Labor and Meretz chiefs hold brief, Lapid-brokered unity talks, without results
Merav Michaeli says merging left-wing parties harms anti-Netanyahu bloc, while Zehava Galon indicates she is open to joint slate
Leaders of the Knesset’s left flank Labor and Meretz met with Prime Minister Yair Lapid on Saturday night, amid pressure from him for the two parties to run together in the November elections.
The meeting lasted less than an hour and ended without any reports of a breakthrough.
Lapid has said that it’s “incredibly important” for the Labor and Meretz parties to unite their slates in order to prevent either one from slipping below the 3.25% vote threshold to enter Knesset. But Labor has been very reluctant to agree to an alliance.
November’s race is expected to be tight, and votes wasted on a party that doesn’t cross the threshold would likely cost Lapid’s bloc a shot at maintaining power and preventing opposition leader Benjamin Netanyahu’s right-wing and religious bloc from returning to government.
While Labor’s Merav Michaeli and Meretz’s Zehava Galon accepted Lapid’s invitation to meet, Michaeli has repeatedly opposed a merger. Labor has dropped from six to five seats in recent polls, skirting just above the four-seat minimum to enter Knesset.
“My position on a merger is known,” said Michaeli at the start of the meeting. “I came because I was invited, and I am happy to hear the prime minister’s position from him for the first time, not through the media.
“We may have different views on how to get there, but the goal is clear and we are partners in it: to prevent the return of Netanyahu and the right to power.”
Galon, who recently retook Meretz’s reins after a break from politics, is polling at between four and five seats and has been open to unification discussions since she was voted in as party leader last month.
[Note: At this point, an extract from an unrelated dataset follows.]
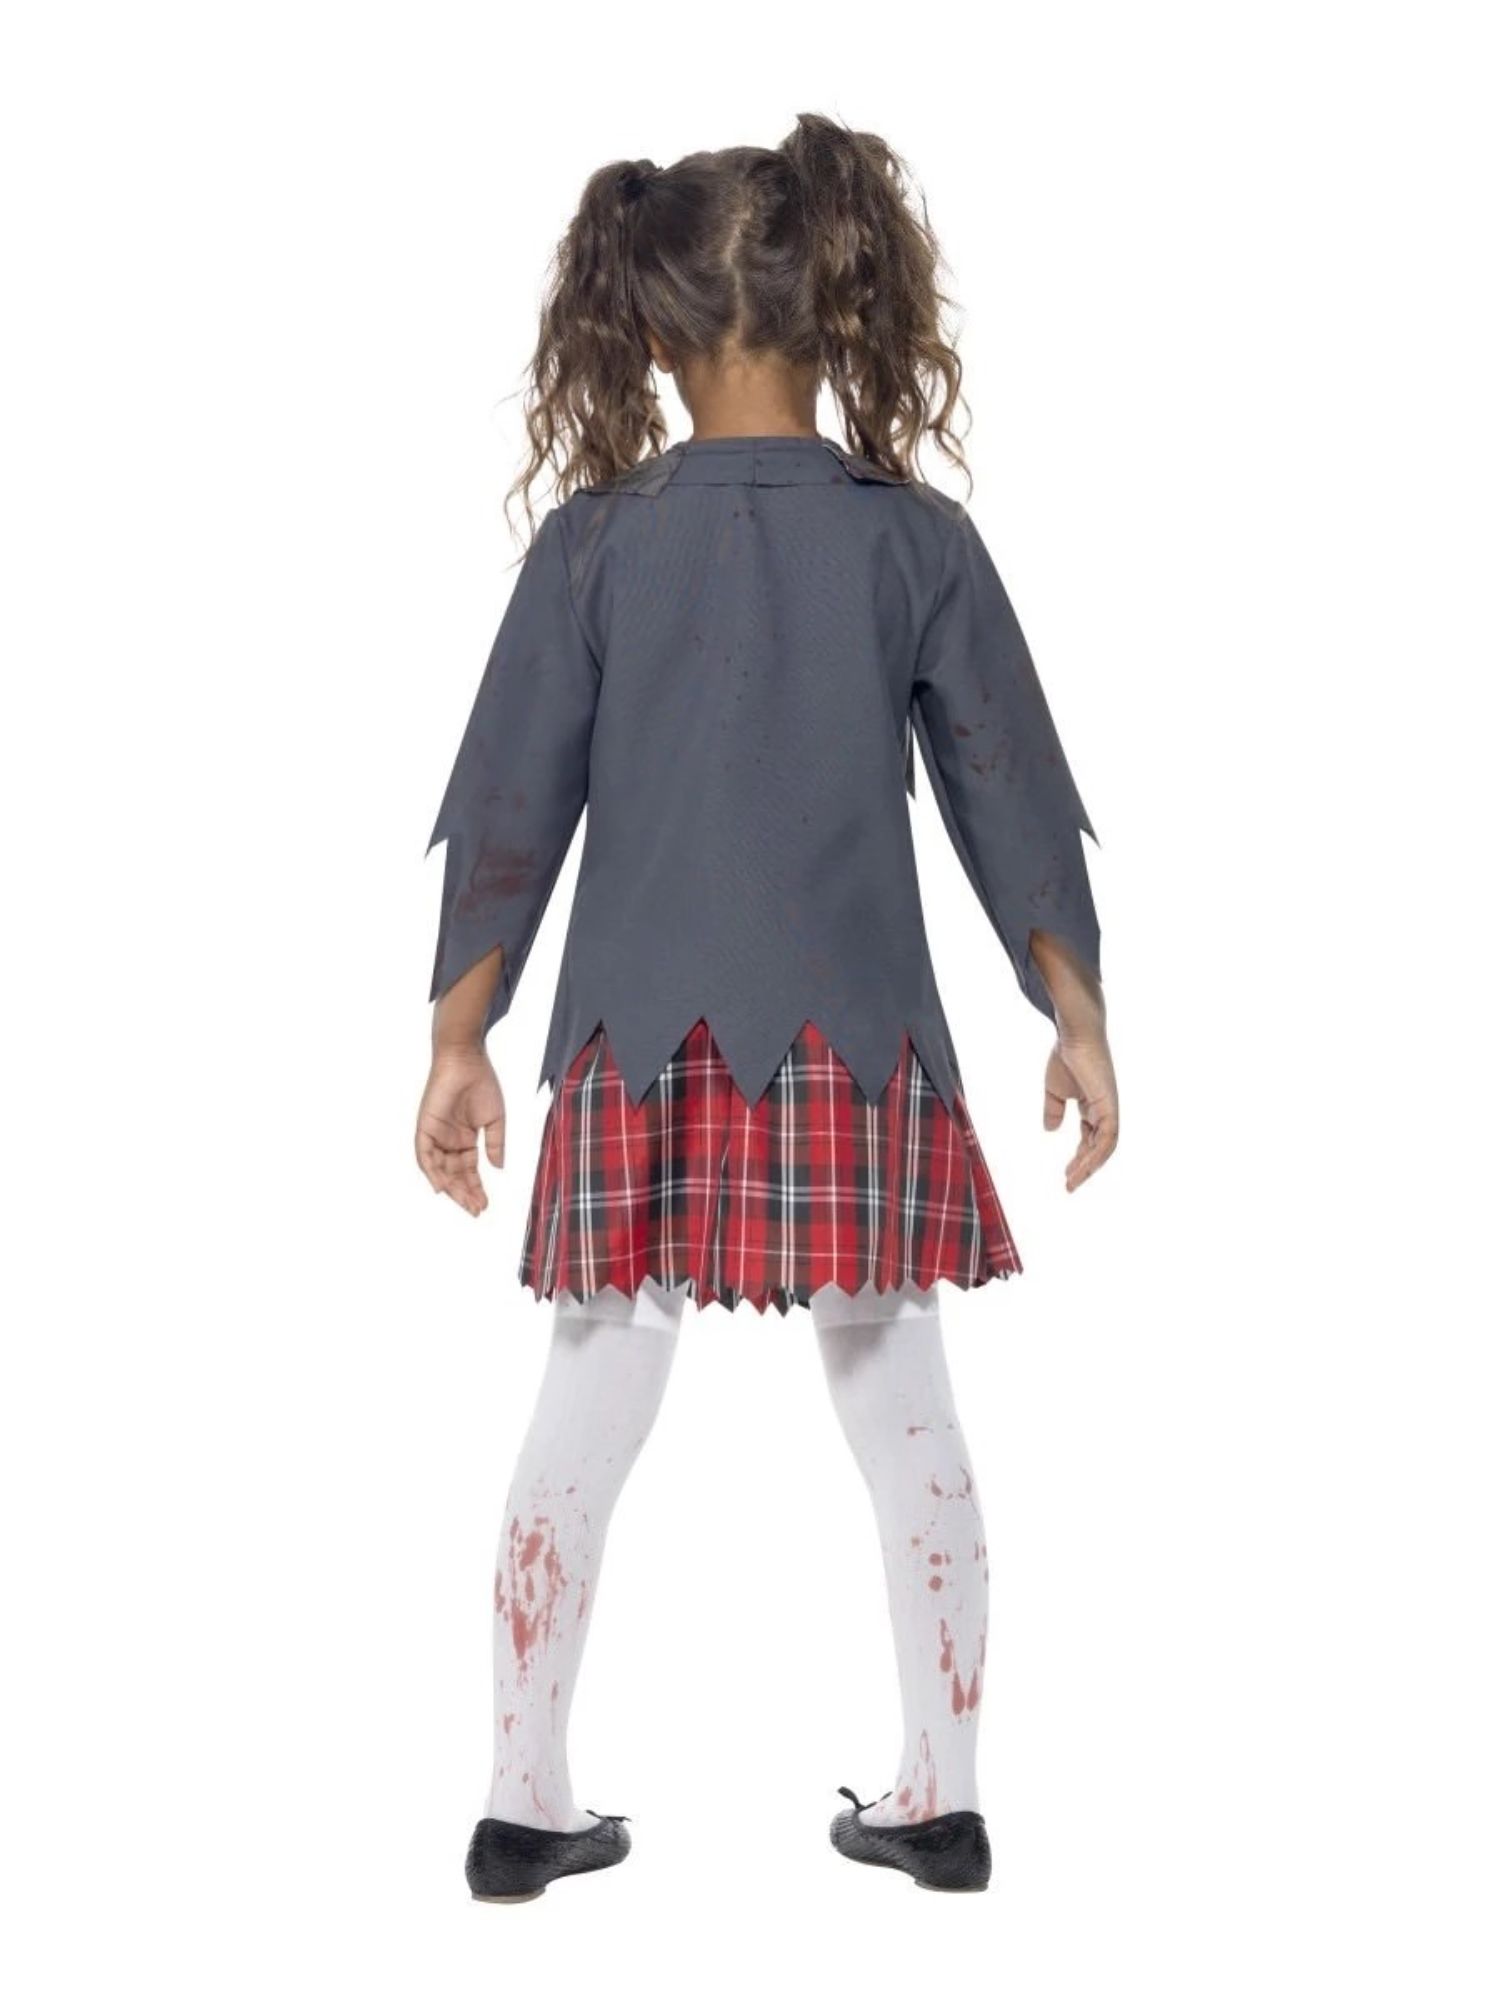 Smiffys 49" White and Red Zombie School Girl Child Halloween Costume - Medium

A Channel 12 news poll published Friday showed that among centrist and left-wing voters, 45 percent were in favor of a merger between Labor and Meretz. 35% were against and the remaining 20% were undecided.
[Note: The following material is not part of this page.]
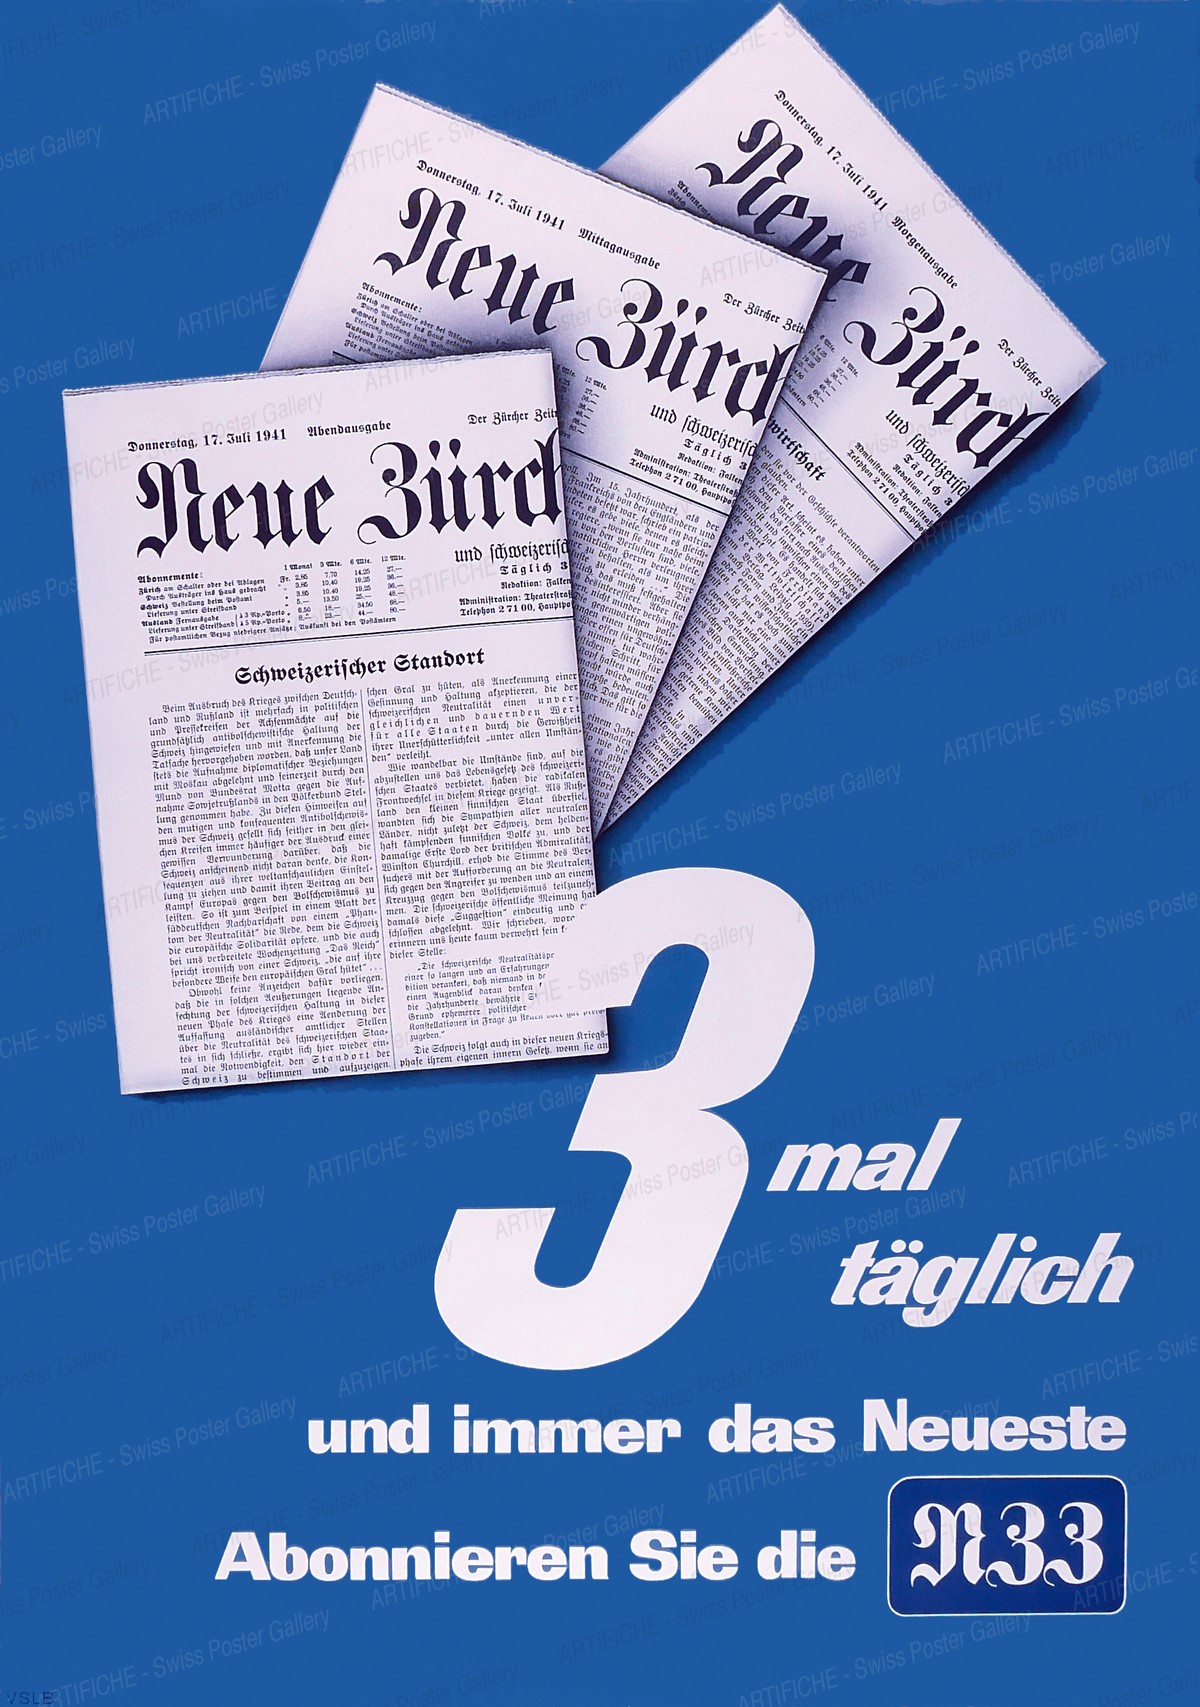 Neue Zürcher Zeitung – 3 x täglich, Artist unknown

Lapid has said that current polls find that a merger between the two left-wing parties does not harm the number of seats they would potentially gain, while Michaeli has argued that polls do indicate that a union would reduce the number of potential seats.
Israeli TV polls are often too small to accurately predict election results, with margins of error large enough to sway as many as five seats, but they can offer a general overview of public opinion and often influence jockeying between politicians.
Israel’s national election will be held on November 1.
Carrie Keller-Lynn contributed to this report.